For nearly two millennia, it was a symptom and symbol of China’s never-ending problems with “frontier barbarians” who worked continuously to harvest some of the nation’s wealth for themselves (Barfield, 1989). It survives very visibly to the present, albeit now in greatly dilapidated condition except for a few limited restorations. The new Qin emperor also created for his personal afterlife a huge mounded tomb almost half a square km in extent, still unexcavated but, according to recorded legend, containing

a detailed replica of the royal palace surrounded by rivers of mercury. Well-digging in 1974 led to the discovery, about two km away from this location, of a fully equipped “spirit army” buried in two large pits that JNJ 26481585 included perhaps 3000 life-sized Z-VAD-FMK nmr “terracotta warriors” and associated pottery models of horses, chariots, and weaponry. Excavations quickly captured world attention and the work continues, now sheltered and displayed beneath a vast metal hangar that could house a considerable fleet of the world’s largest jet airplanes (Fig. 2). The Zheng Guor Canal system, according to historical records created in 246 BC by the pre-imperial Qin State, was laid out over a course of some 200 km and linked two local rivers. It hugely expanded the agricultural output of the Qin region and helped afford its lord the economic wherewithal to gain

greater control Casein kinase 1 over his rivals. Beyond the constructions subsequently ordered by Emperor Qin Shihuangdi there were also infrastructural projects sponsored by other wealthy “houses” of the region that we still see attested archeologically – dams, canals, vast irrigated agricultural fields, and roads – that are not as well preserved as the displays of royal wealth we see in the Qin emperor’s funereal Terracotta Army. Nevertheless,

these modifications are evident on the landscape and referred to in written records of the time. A third-century historical source quoted by Elvin (1993) vividly portrays the busy cultural landscape of the Qin and following Han periods: “The households of the powerful are [compounds] where one finds hundreds of ridge beams linked together. Their fertile fields fill the countryside. Their slaves throng in thousands, and their [military] retainers can be counted in tens of thousands.
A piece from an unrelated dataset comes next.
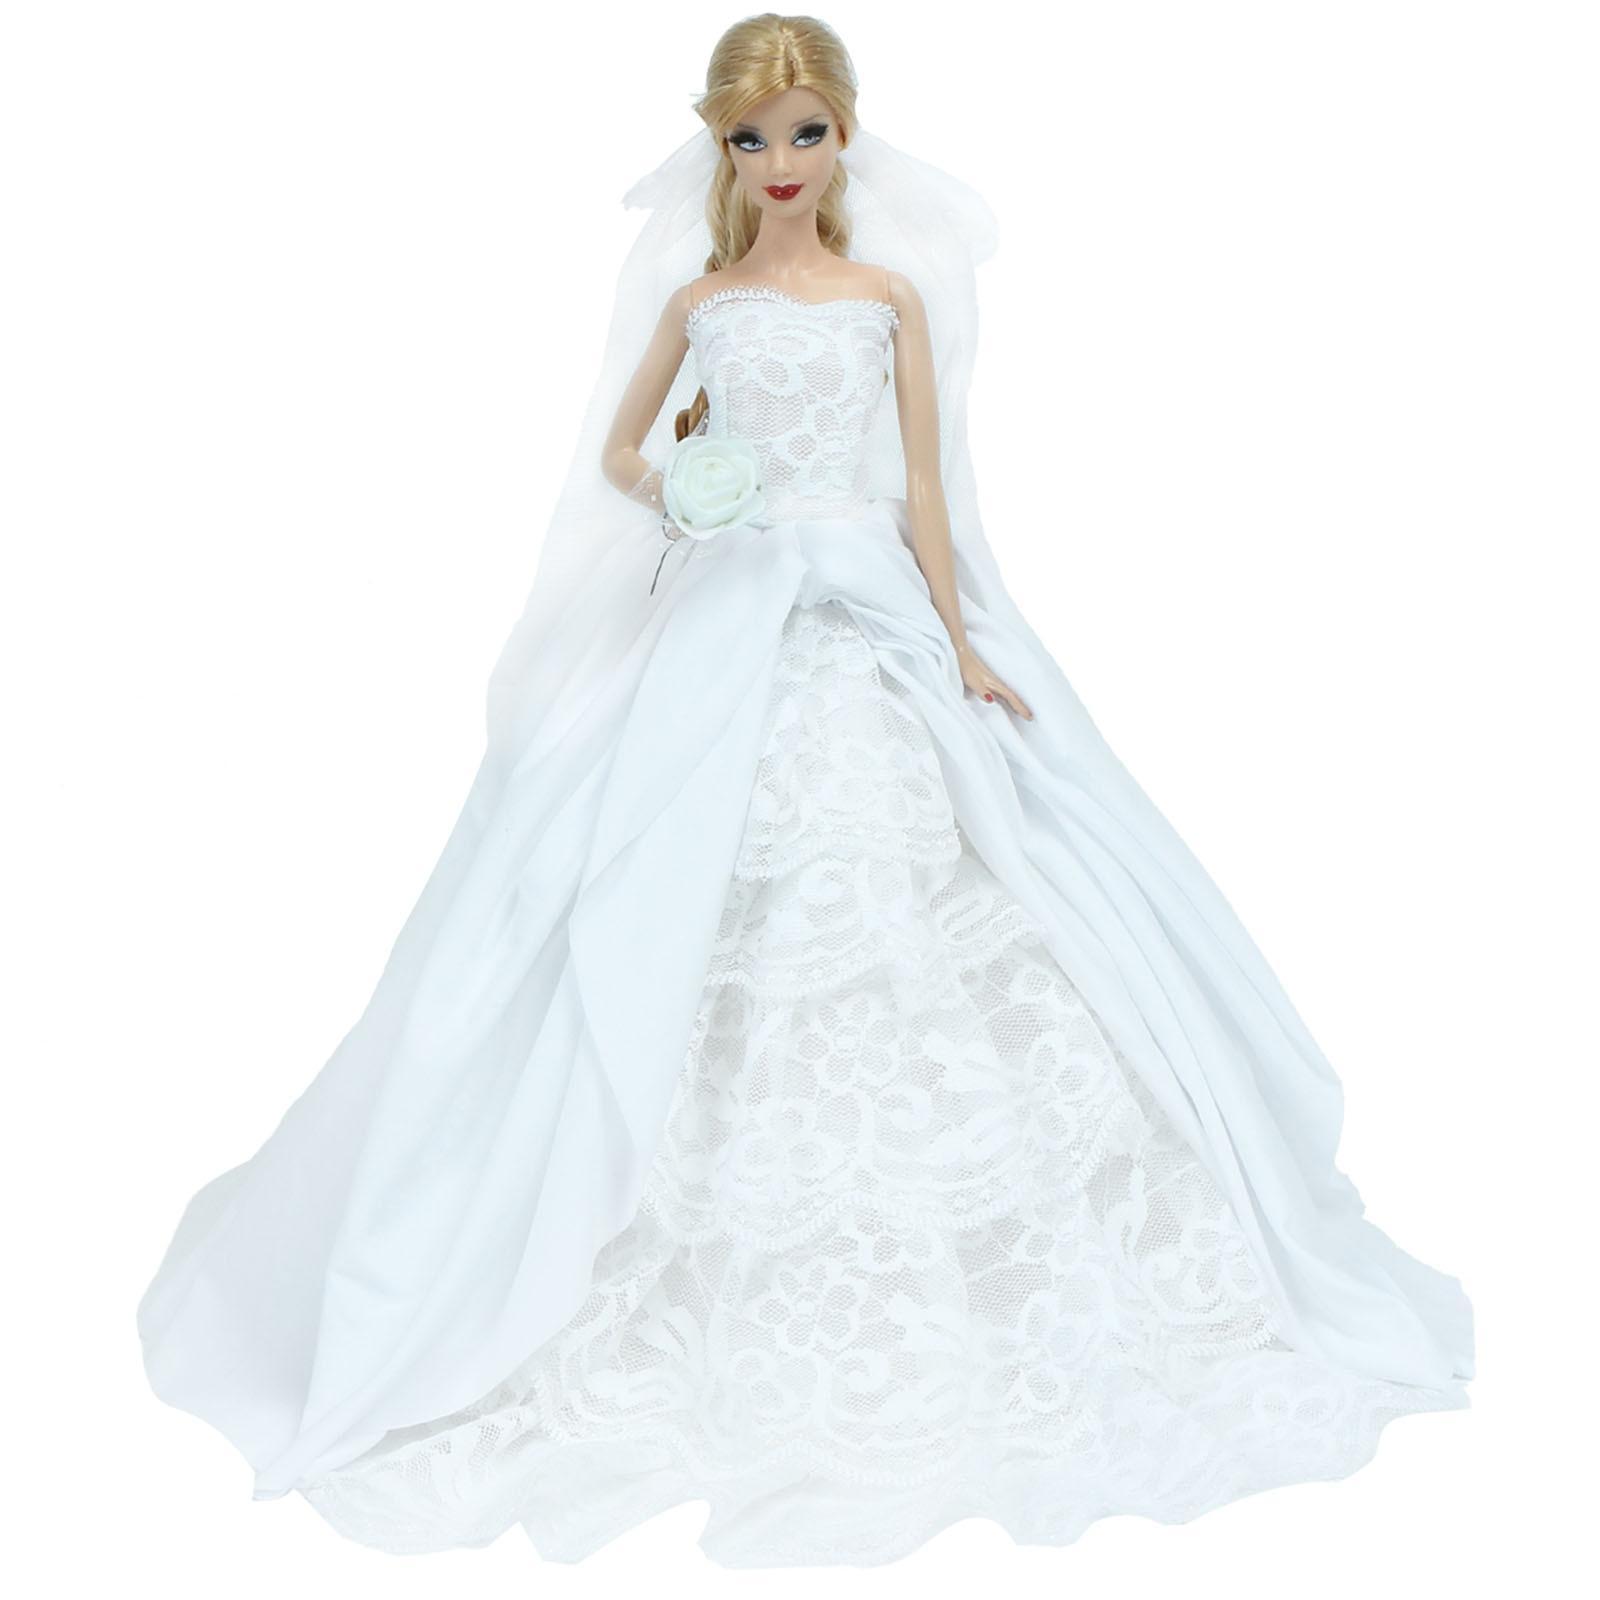 Vestido de fiesta de boda de alta calidad Falda de novia Vestido de princesa con velo Accesorios de matrimonio de moda Ropa para muñeca de Barbie Juguete

Their boats, carts, and their merchants spread out in every direction…. The valleys between the hills cannot contain their horses, cattle, sheep, and swine. The great array of huge mounded earth tombs inside the boundaries of modern Xi’an, created by the Han emperors who followed Qin Shihuangdi, further attests the Imperial capacity of the time for enormously labor-intensive construction projects that created large areas of anthropogenic landscape in the Wei River Valley. Each Han tomb was an artificial mountain that took armies of men and animals years to build.